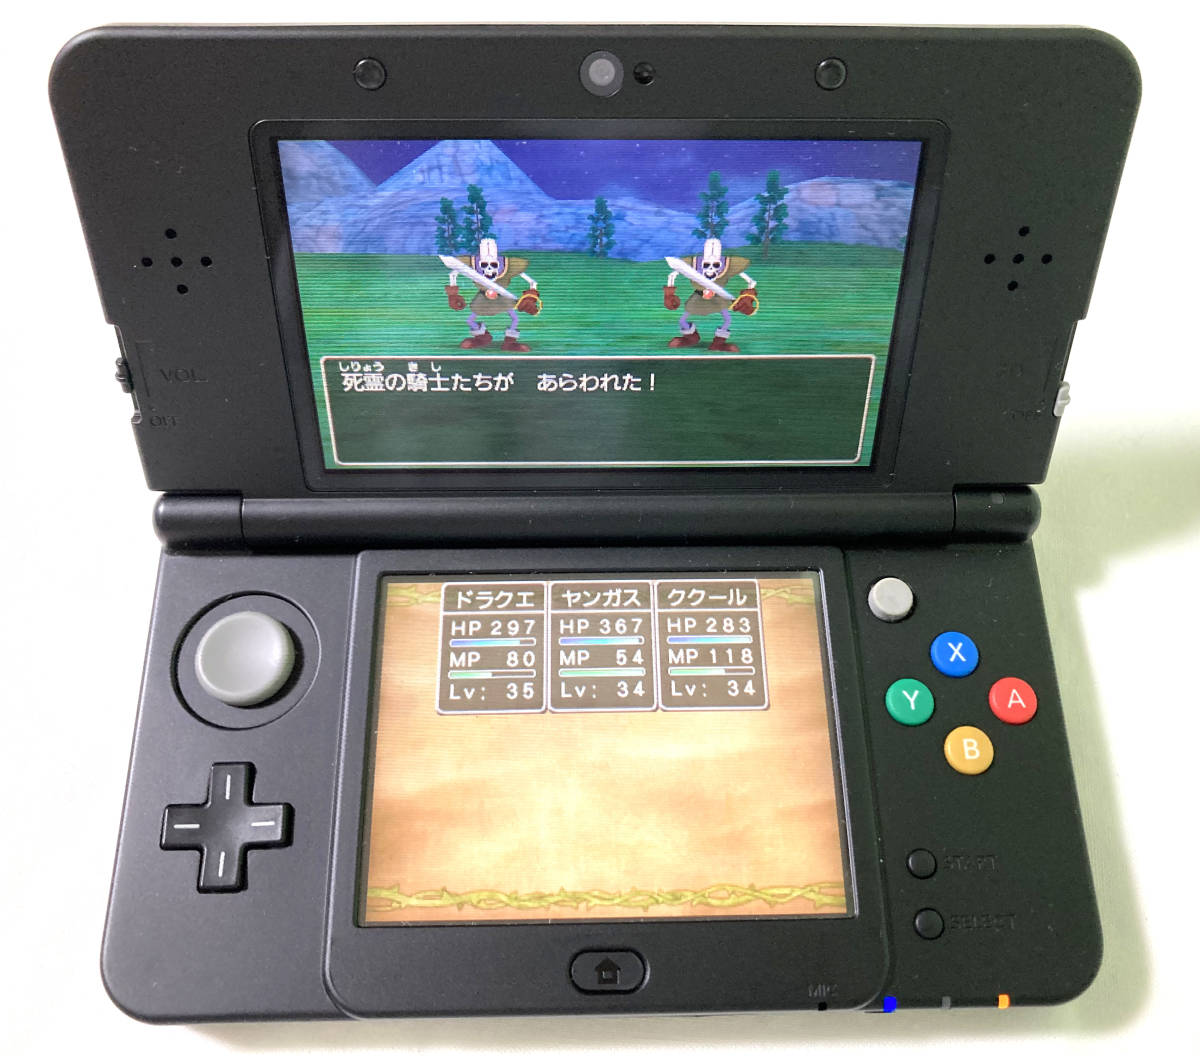 【送料無料】Newニンテンドー3DS本体(KTR-001/ブラック) 任天堂 Nintendo 3DS
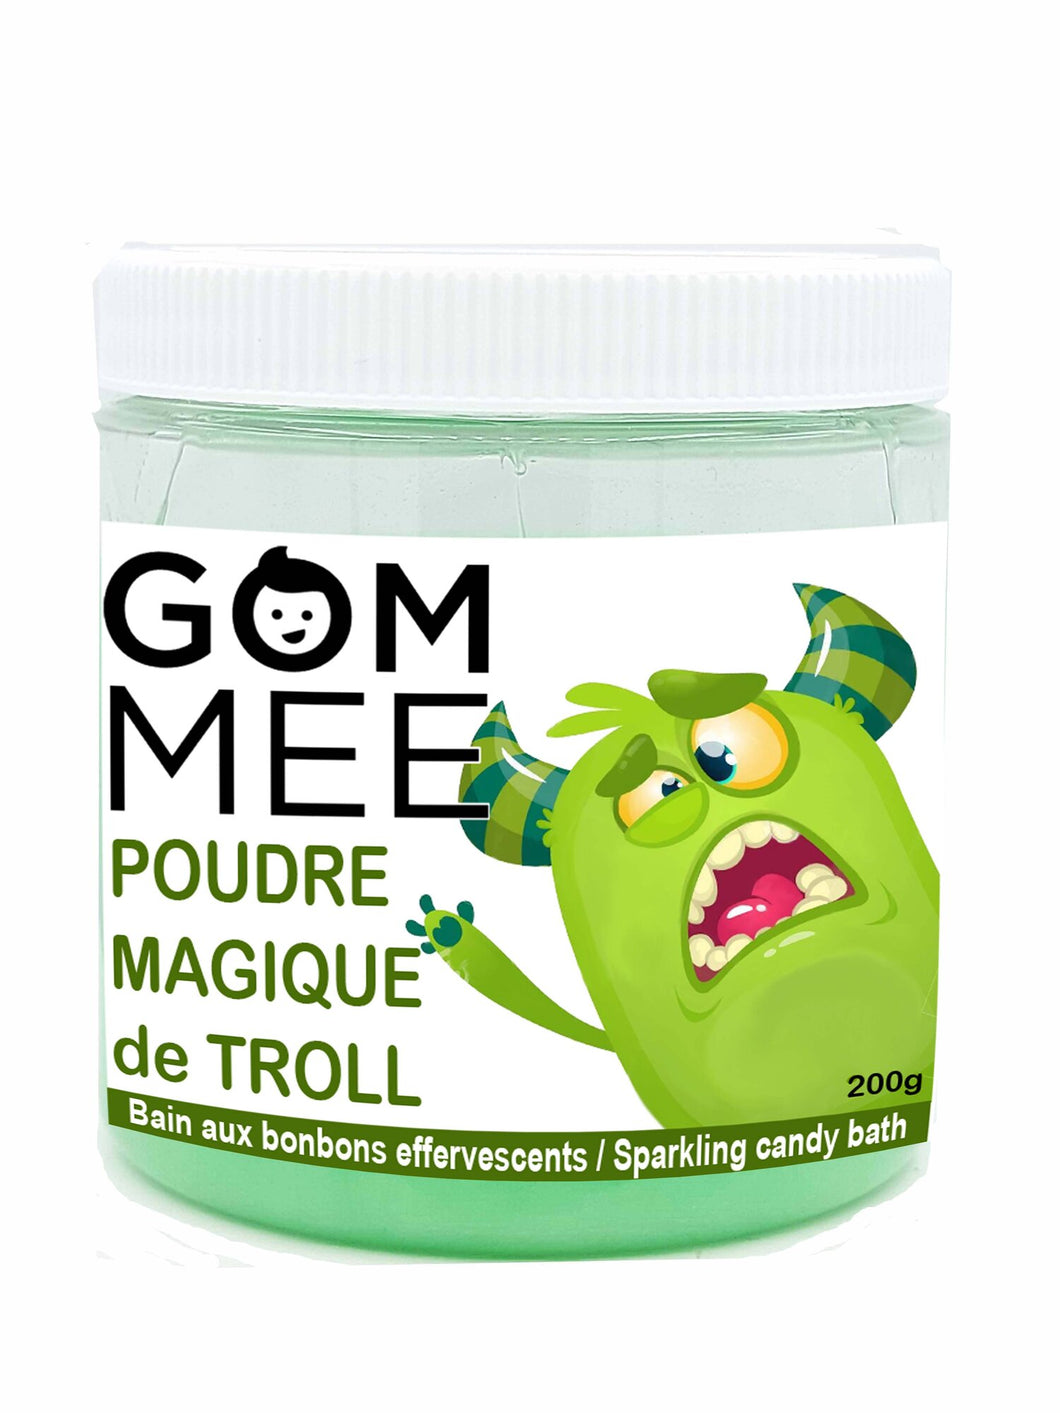 Poudre magique - GOM-MEE
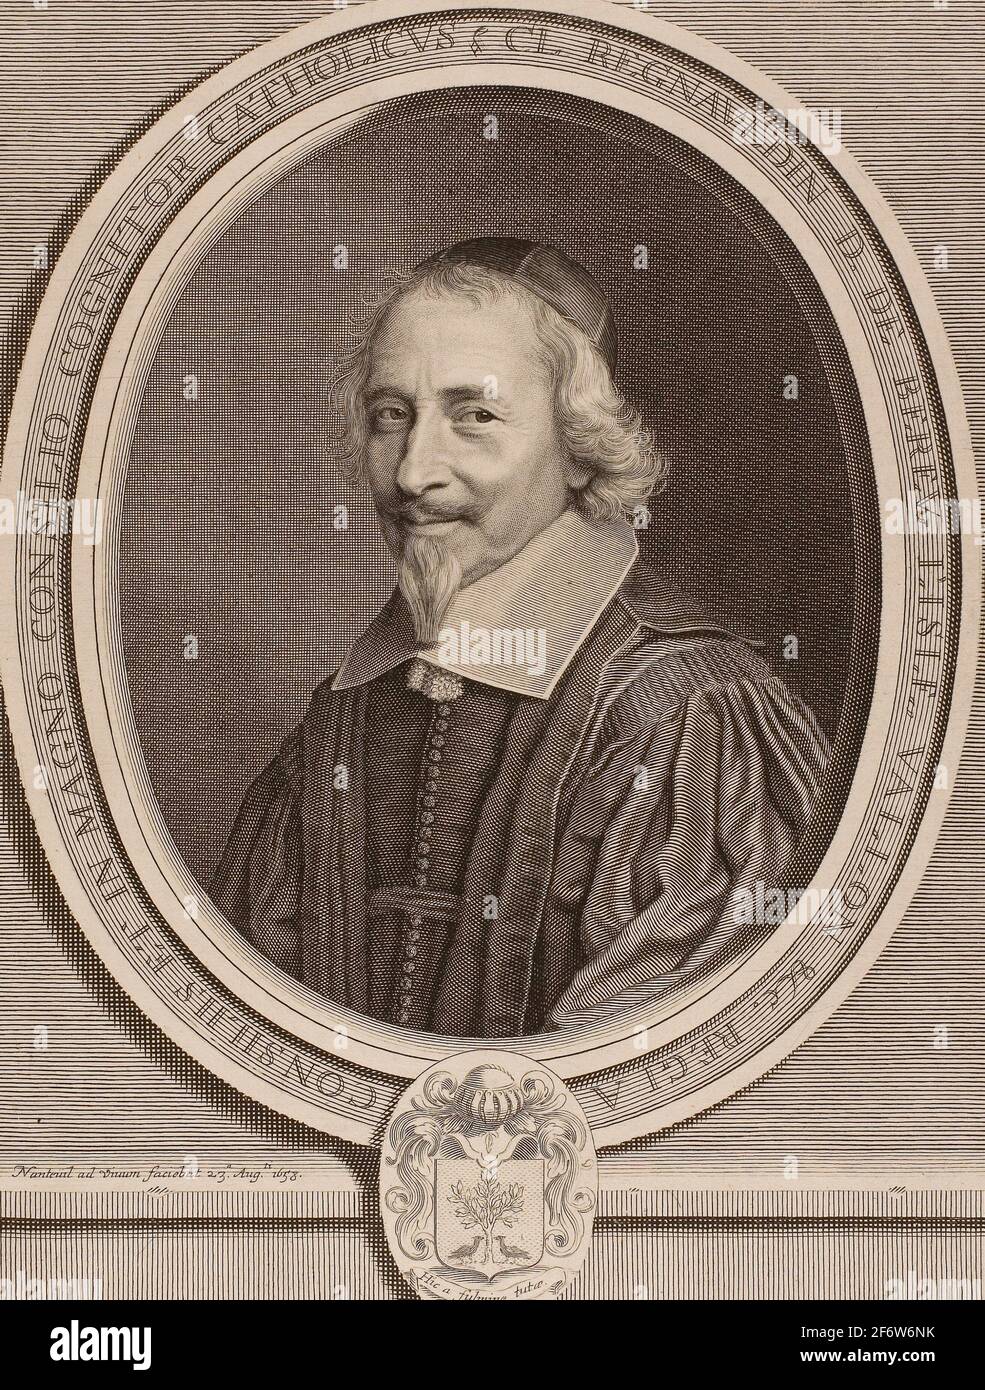 Auteur: Robert Nanteuil. Claude Regnauldin - 1658 - Robert Nanteuil Français, 1623-1678. Gravure sur papier. France. Banque D'Images
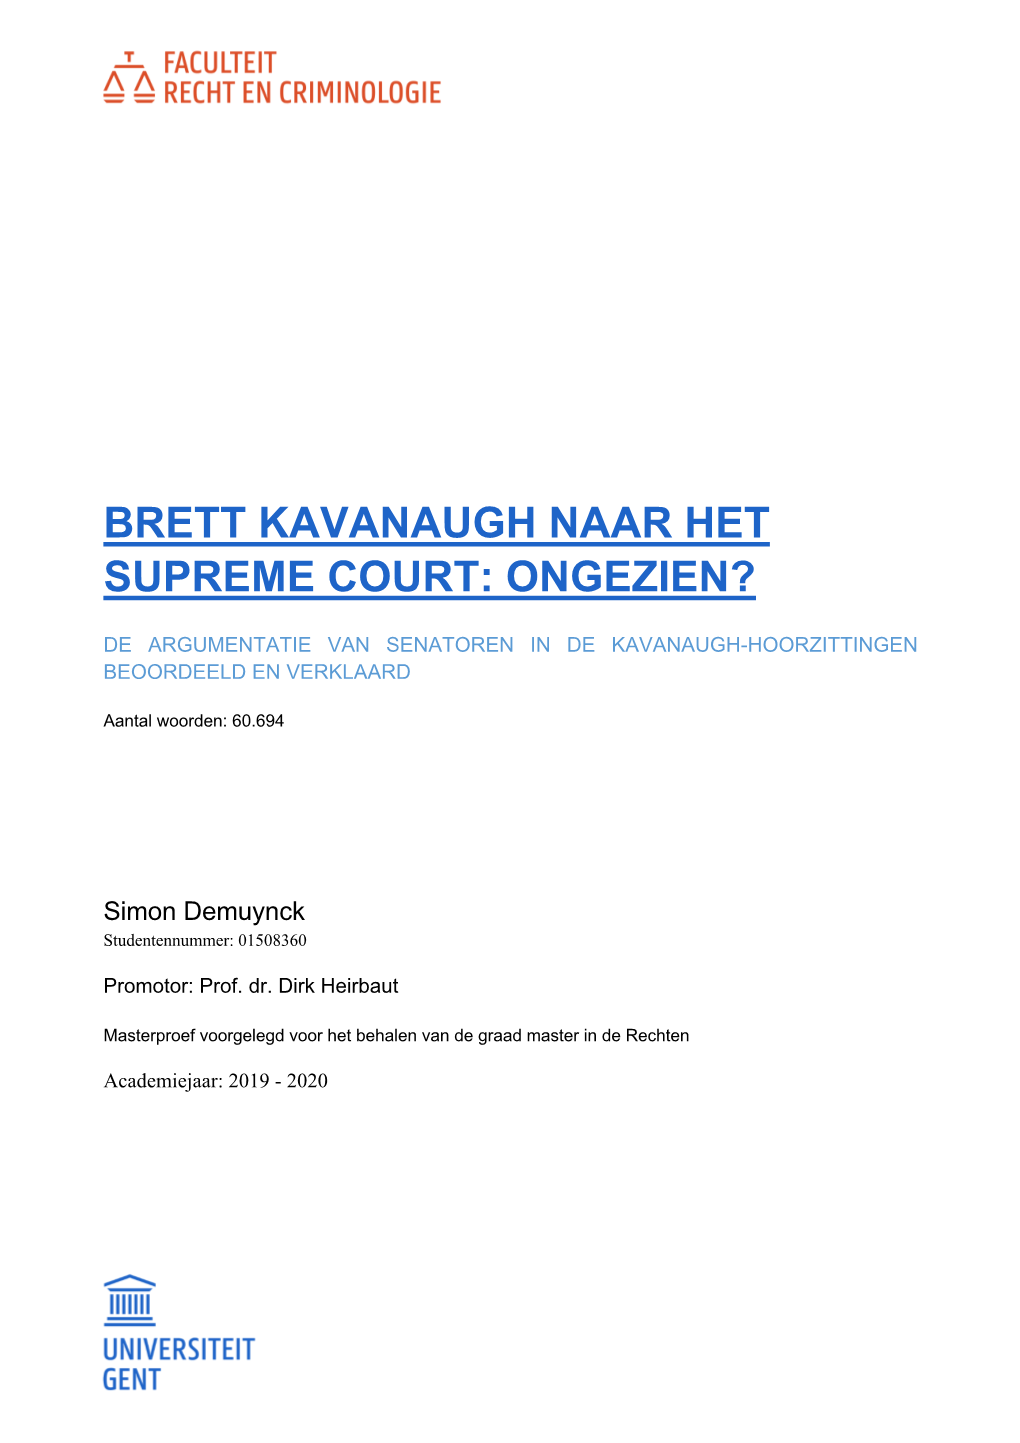 Brett Kavanaugh Naar Het Supreme Court: Ongezien?
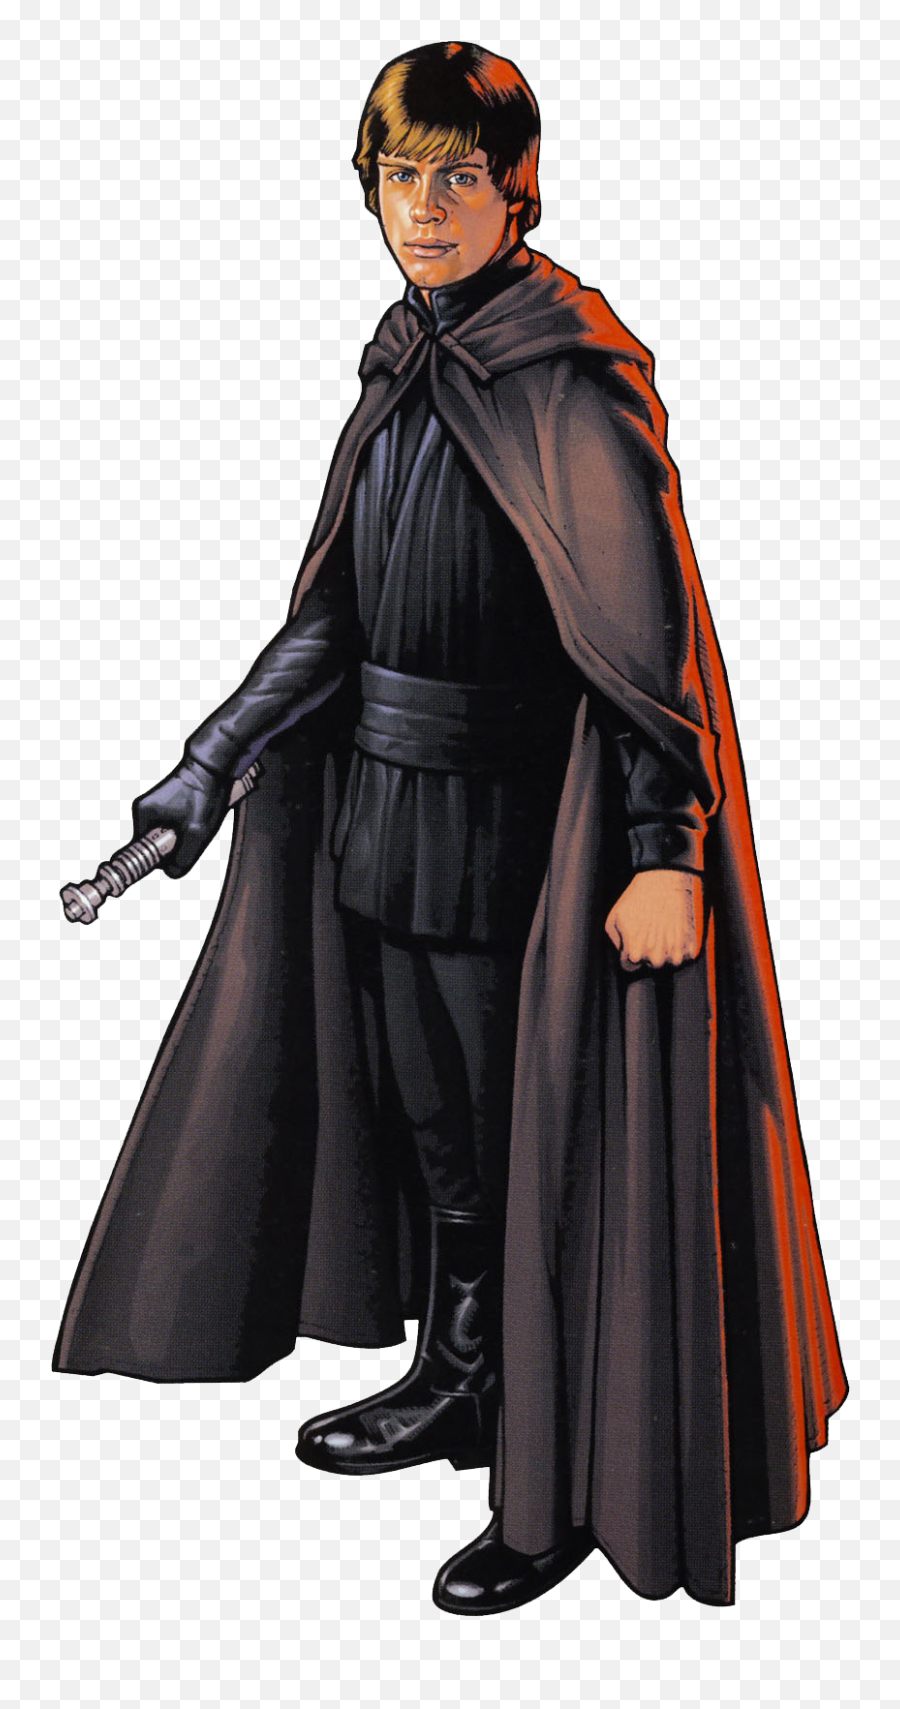 Luke Skywalker Png Picture - Luke Skywalker Jedi Master,Luke Skywalker Png

TRY IT ▸ Please print the records above word for word, leaving every image out.

OUTPUT BELOW ▸
 【送料無料】Newニンテンドー3DS本体(KTR-001/ブラック) 任天堂 Nintendo 3DS
 Poudre magique - GOM-MEE
 Auteur: Robert Nanteuil. Claude Regnauldin - 1658 - Robert Nanteuil Français, 1623-1678. Gravure sur papier. France. Banque D'Images
 Brett Kavanaugh Naar Het Supreme Court: Ongezien?
 Luke Skywalker Png Picture - Luke Skywalker Jedi Master,Luke Skywalker Png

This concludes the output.